Consider reaching out to clients to quantify the time saved using your service. Emphasize how it eliminates the hassle of setting up custom background job processes, proxies, and other complexities that can snowball into a full-fledged project.

Good luck on your journey!

sachou · on Dec 13, 2024

I guess so if you goal is to have people knows about your content, might have a small SEO bump

sachou · on Dec 13, 2024

do you need to embed it directly in pinecone ?

If yes then DataFuel is the right choice. Adding this feature as we speak.

Please let me know :)

olup · on Dec 13, 2024

Interesting but we process documents before embedding them, and have specific requirements for the embedder.

Having developed a couple of page to markdown myself, I think the bigger challenge is to make sense of so many pages that rely on spacial organisation of information that only makes sense to human, or even presence of images. One way to do it is to render the page as an image and extract data with a vision llm. But you do need heuristic on when to do classic extraction and when to use vision, plus get rid of cookie banner and overlays. This is more complex and costly, but have real business value, for the one that can pull it off.

sachou · on Dec 13, 2024

what would be your specific requirement?

Right now adding chunk size, model for embedding, what else?

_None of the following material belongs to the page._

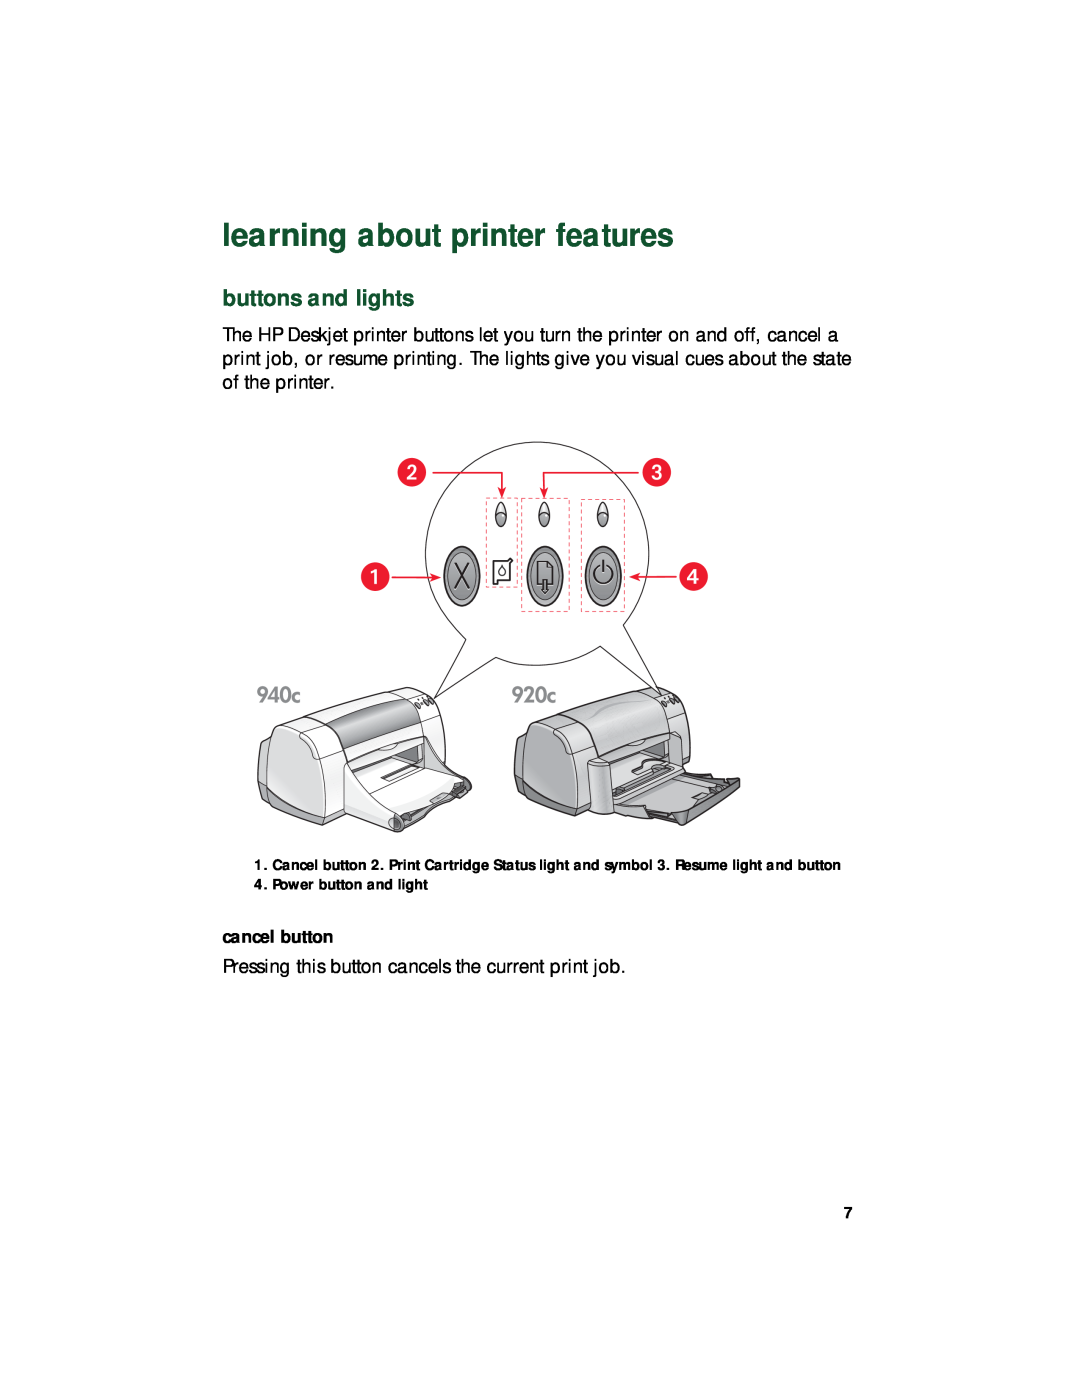 HP 920c, 948c, 940c manual learning about printer features, buttons and lights 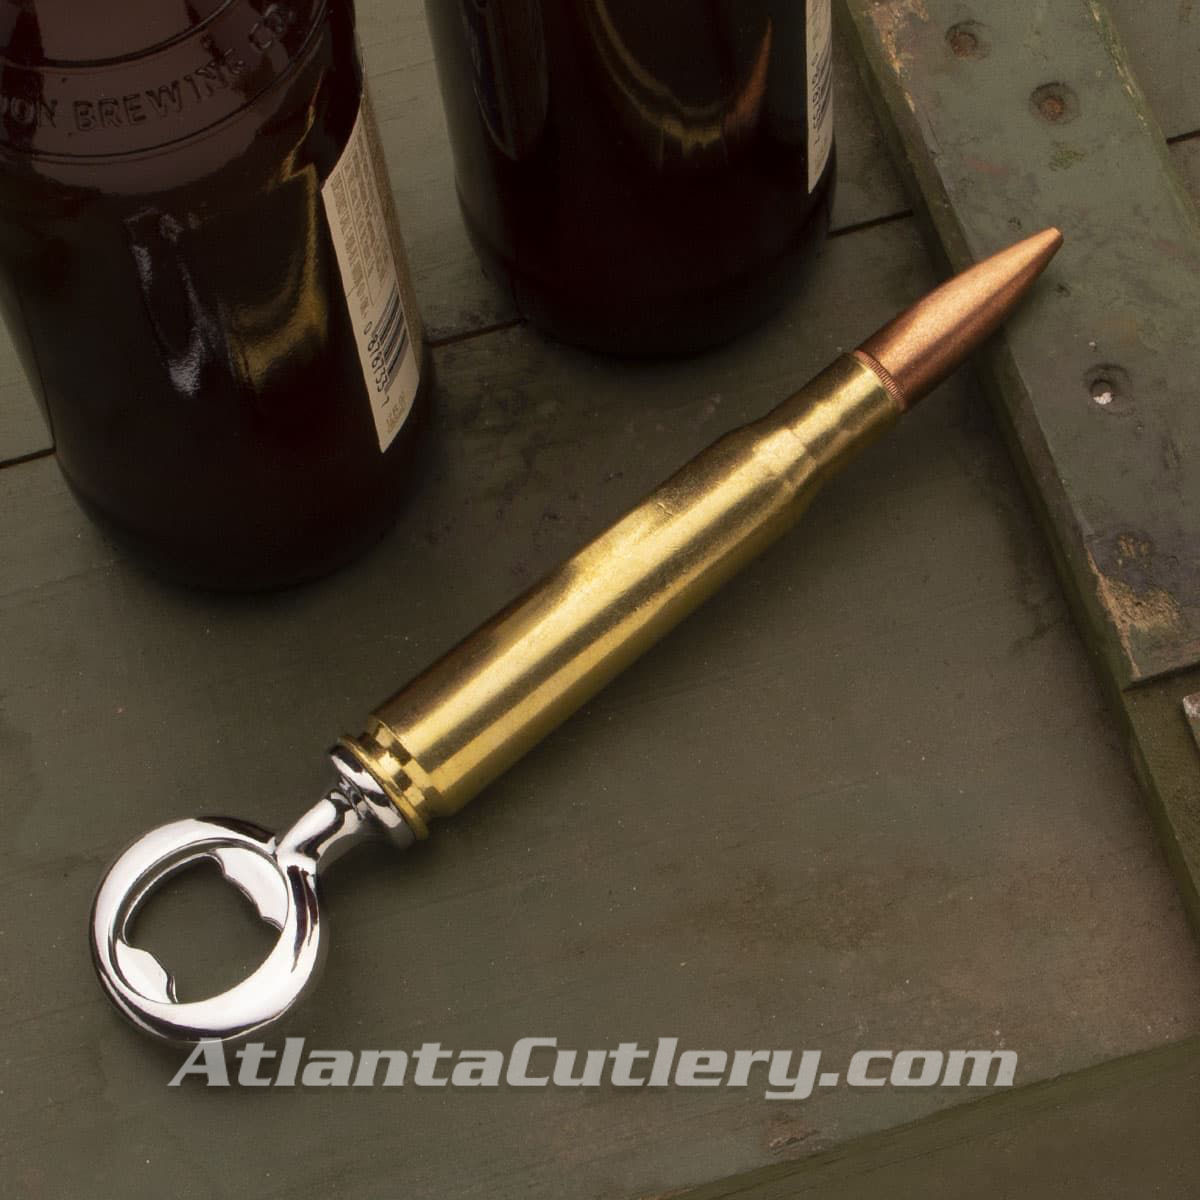 Made from a once-fired .50 caliber casing from US Department of Defense, this bullet bottle opener has a 5-1/2" shell casing

Image is a great challenge with OCR can be solve as you mentioned

olup · on Dec 13, 2024

We, as many players, have custom pipelines on embedding. We don't split docs based on chunk size but do semantic chunking and chunk augmentation. We embed everything with two embeddings services to always have a fallback if one provider is not available.

If I were in your shoes I would not think embedding and inserting in a vector store would be my responsibility, especially since there are so many different stores on the market.

sachou · on Dec 13, 2024

yes exactly working on building a competitive advantage, but the AI space is so big and only getting bigger.

Any feedback that could help datafuel becomes more unique?

sachou · on Dec 13, 2024

Good point! Thanks for the feedback.

Let me add that to my todos.

keyle · on Dec 13, 2024

It boggles my mind that you would launch without that as a prime directive.

tesrx · on Dec 13, 2024

OP just graciously accepted that feedback, no need to be condescending :)

pxtail · on Dec 13, 2024

Let me translate what OP wrote:

> Good point! Thanks for the feedback.

> Nothing like this will be added to the product. Money comes from scraping content and thus content will be scrapped regardless any non-scrapping hints and we will be actively working on countering anti-scraping measures.

vunderba · on Dec 13, 2024

well... while true how do you reconcile this with OP's statements on another thread?

> It has an extensive proxy IP and retry system in place to bypass bot detection.

Seems like a bit of "talking out of both sides of your mouth".

__loam · on Dec 13, 2024

It's kind of tone deaf to launch a tool like this without considering this in the current climate. Not a popular take on hackernews but everyone outside the tech space is pretty pissed about this stuff.

Onavo · on Dec 13, 2024

And proxy farms exist solely to get around this problem. If you believe the rights of content creators is the end all be all, don't complain next time Disney tries to extend the IP expiration dates.

__loam · on Dec 13, 2024

Using the behavior of one bad actor to excuse the abuse of everyone else is pretty bad.

bryanrasmussen · on Dec 13, 2024

I was recently on a project and out of the 10+ devs on it I was the only one who really knew about robots.txt, or at least the only one who said hey that robots.txt needs to handle internationalized routes, the default ones we disallow are all in English.

I don't say that makes them bad, they just knew other things, so I can totally not have my mind boggled that someone launched a product like this and didn't take obeying robots.txt into consideration and then adds it to the todos when someone complains.

freeone3000 · on Dec 13, 2024

Programmers have no institutional memory.

bryanrasmussen · on Dec 13, 2024

agreed, I had to often explain lower level simple stuff was there for them, because they didn't happen to know about that thing and were surprised.